Сакс в двух словах объяснил истоки неприязни норманна.
Шаррон кивнул в задумчивости:
— Ясно… Думаю, это серьезно… Злопамятный, я его хорошо знаю! Долго у меня на глазах в доверенных у барона ходил. Где какое тайное дело надо провернуть, или подтолкнуть кого-то к нужному решению, там, глядишь, и Дэн. Милорд и шпоры золотые, давно им выслуженные, мне кажется, придерживал, чтобы его в нужном качестве при себе сохранить.
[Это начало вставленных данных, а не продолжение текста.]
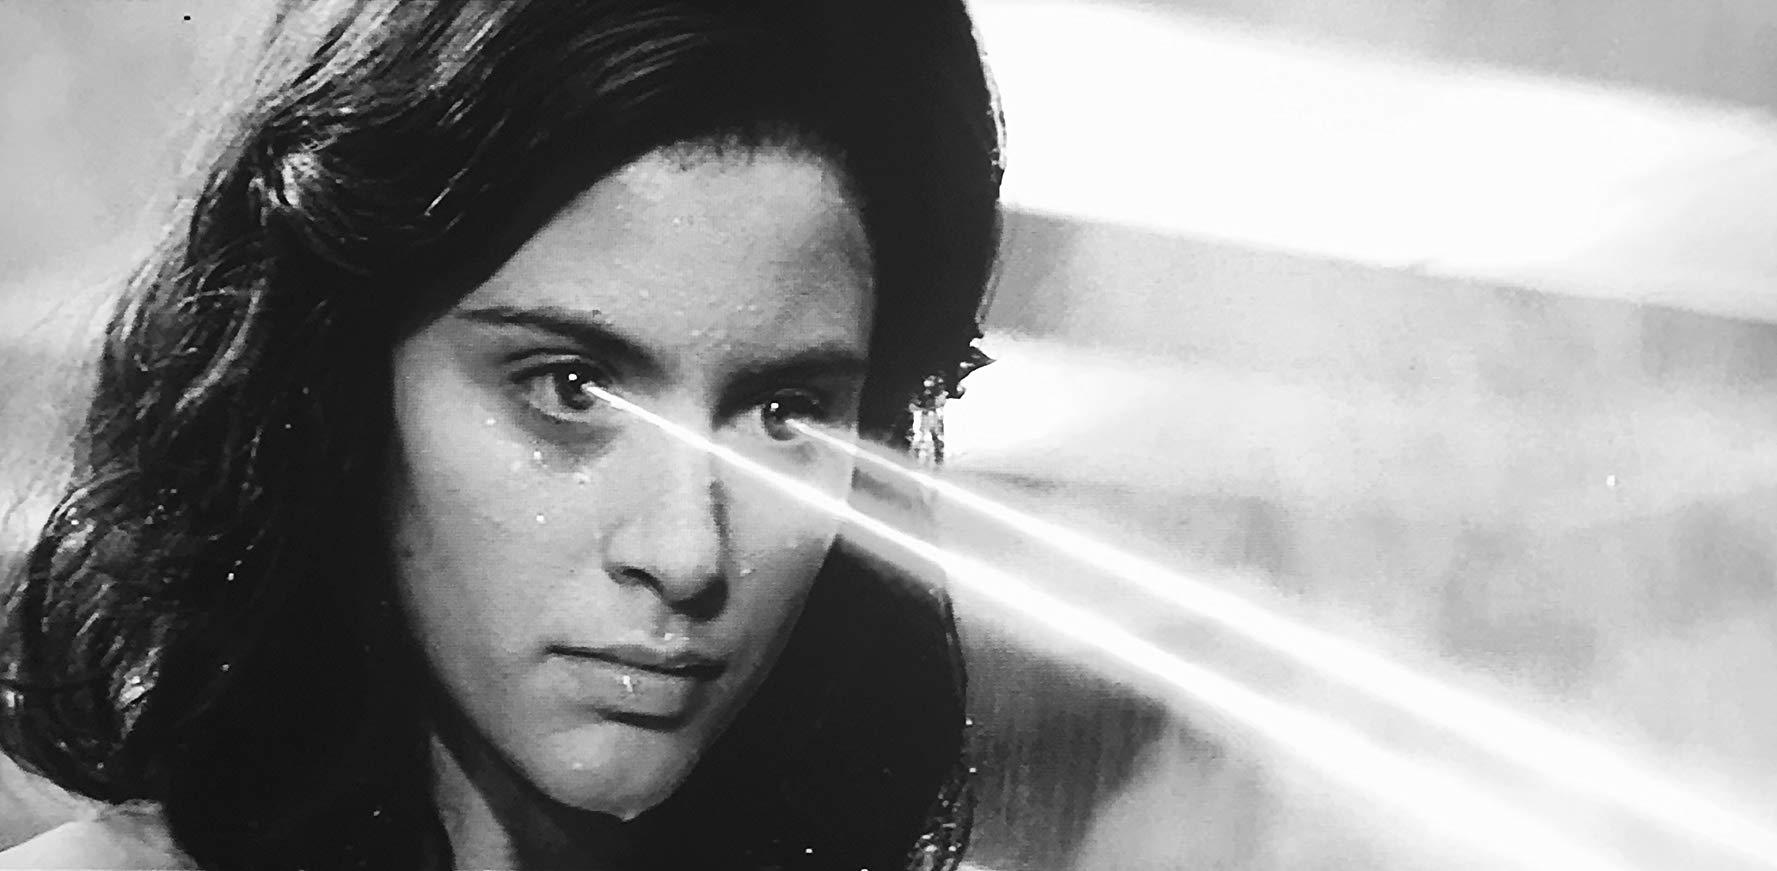 Супергёрл (Supergirl) 1984

И сейчас в Англию послал обстановку выяснить и постараться принцу Джону там подножку подставить, поддержки знати лишить. Он, Дэн, мастер на такие штуки!
Эдварду разговор помог понять, за какие грехи сэр Дэниэл к нему так не расположен. Да ведь он умудрился трижды поставить профессионала высокого класса в дурацкое положение. Такое, конечно, не прощают…
— Чувствую, мессир, — со вздохом сказал он, — вторым, кто скрестит со мной мечи после снятия обета, будет Дэн. А может и не дотерпеть, полезет без очереди.
— Да, очередь! — сообразил Шаррон. — А где твой кровник, фон-барон? Неужто ты из Палестины уехал, оставив его в живых?
— Да, — кивнул сакс, — но и я скоро туда вернусь. Вот только домой съезжу… Мать тяжело болеет, хочу с собой в Святую землю увезти…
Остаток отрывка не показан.